The grievance industry goes on about the high level of mental illness and early deaths among the Irish in Britain and blames our hosts for not looking after us well enough. The reality is that much of the mental illness has occurred mainly among lonely single men whose problems were exacerbated by leaving home: vulnerable people make bad emigrants.

And the ill-health is a result, as one researcher explained to me, of the Irish believing they are invincible - a trait for which we are notorious among the English. "I don't know how you do it," is the cry we hear frequently from English friends who left the restaurant at midnight and have just heard that we went on to a nightclub until 4 a.m. "It would kill me." The answer, of course, is that it will kill us.

And while I'm at it. Many of the "No Irish" signs outside boarding houses were a reaction to our drinking habits. Can landladies be blamed for preferring the cocoa-and-slippers brigade to the eight-pints-and-I'll-beat-any-man-in-the-house contingent?

Like Tim Pat Coogan, the grievance industry has made much over the years of how we have lived in fear because of oppressive legislation and an anti-Irish legal system. Let us take the PTA first. On the radio, Tim Pat spoke of 6,500 arrests of innocent people under the PTA since it was introduced in 1974. Apart from Irish tourists and other visitors, there are over a million Irish-born in Britain and an estimated seven to 10 million of Irish descent.

Call me a lickspittle to the British establishment, but I don't think the holding of 6,500 suspects - usually for a few hours and occasionally for a few days - is an overreaction during a quarter of a century when the IRA was blowing up bits of England.

And while the miscarriages of justice were awful, I've yet to come across a better legal system than exists in Britain or one more inclined to admit its mistakes. For the Americans, who routinely execute mental defectives, to wax eloquent about the Birmingham Six or the Guildford Four drives me bonkers. Who led the campaign for their release? English people, that's who. People like the writer Robert Kee and the MP Chris Mullin.

Most Irish-born people in England came here to make a living or because they couldn't stand the narrowness and claustrophobia of home.

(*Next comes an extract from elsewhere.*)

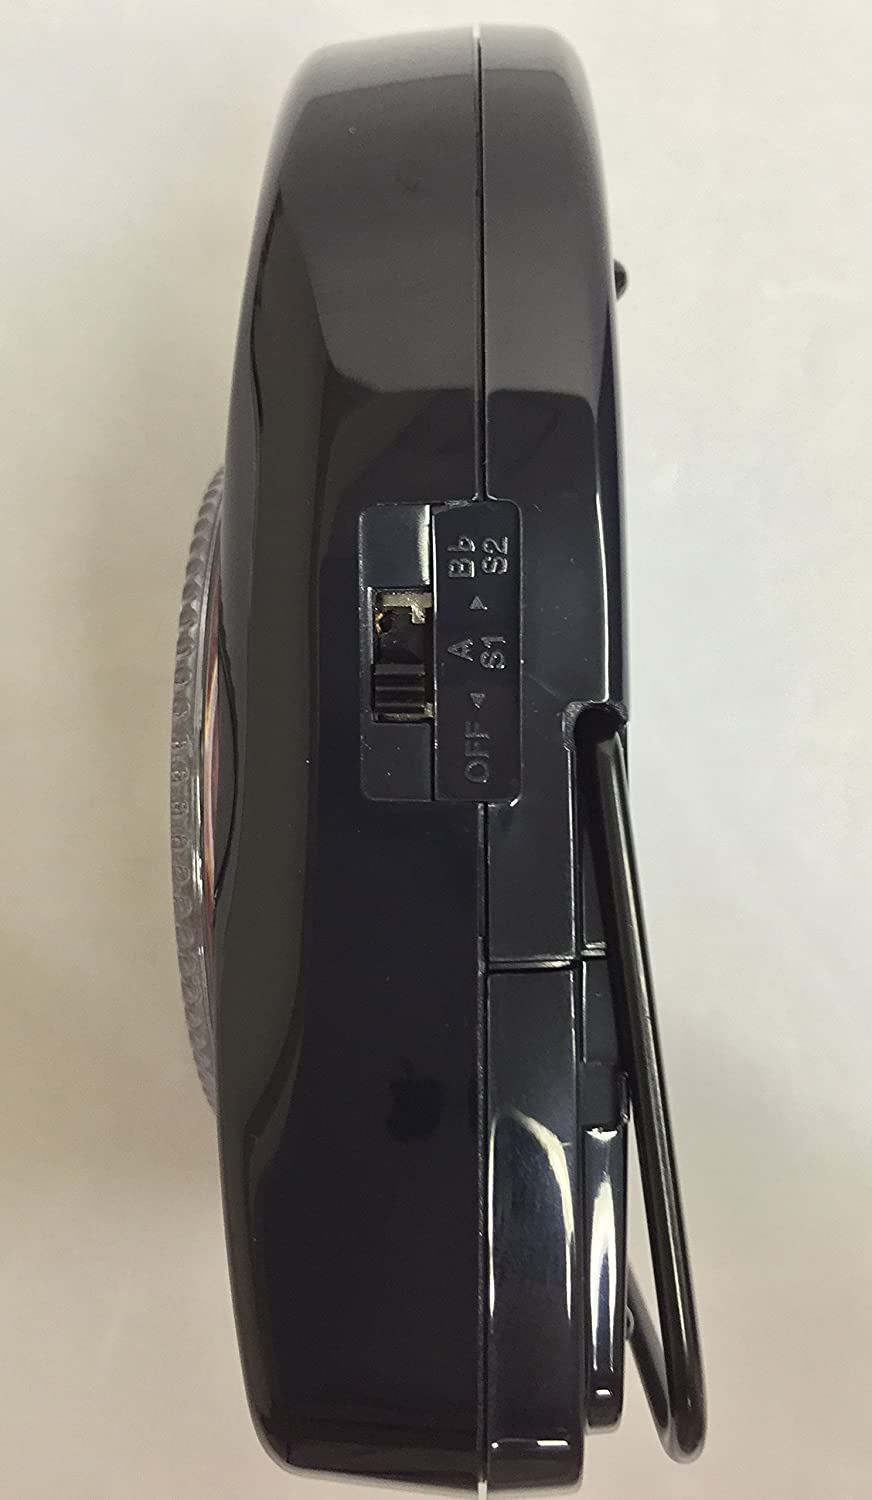 Seiko SQ50-V Quartz Portable Metronome

There was a great deal of pain and homesickness for many, but that was a fact of exile life: it was not the fault of our generally decent and tolerant hosts. Part of our whinging nationalist inheritance made us touchy and suspicious: English reserve was seen as unfriendliness, English politeness as condescension.

I KNOW very well a young second-generation Irish chap whose father worked on Irish-controlled building-sites; his mother worked as a barmaid in an Irish club. They socialised in exclusively Irish Catholic circles and denounced the English as stand-offish and superior. It took them a long time to realise their four children, all of whom were turned off their Irish heritage because they associated it with drink and republican songs, thought of themselves as English.

If being Irish in Britain was generally fine for my generation, it is wonderful for the 20 and 30 somethings. Cheap phone-calls and air fares have virtually abolished homesickness and opportunities back home mean there is no longer the sense that one can never return.

The Irish are not just liked: we inspire great affection. Now that we're self-confident and have stopped being touchy, the Brit-in-the-street is delighted with us. "He isn't a shrinking violet," I said to a BBC producer apropos John A. Murphy. "I've never met an Irish person who is," she said.

I've known in the past Irish people who would instantly have found that offensive rather than complimentary.

I give enormous credit to the effect on British public opinion of Irish broadcasters who were relaxed about their accents and identity - people like Anthony Clare, Frank Delaney and Henry Kelly. But the palm goes to Terry Wogan, who over decades on Radio 2 made millions of ordinary British people laugh at him and at themselves and was a perfect role-model for Irish emigrants. He's happy being Irish and lives happily in Britain: he loves his hosts and they love him. And that love-affair started long before St Tony or the Blessed Mo were even heard of.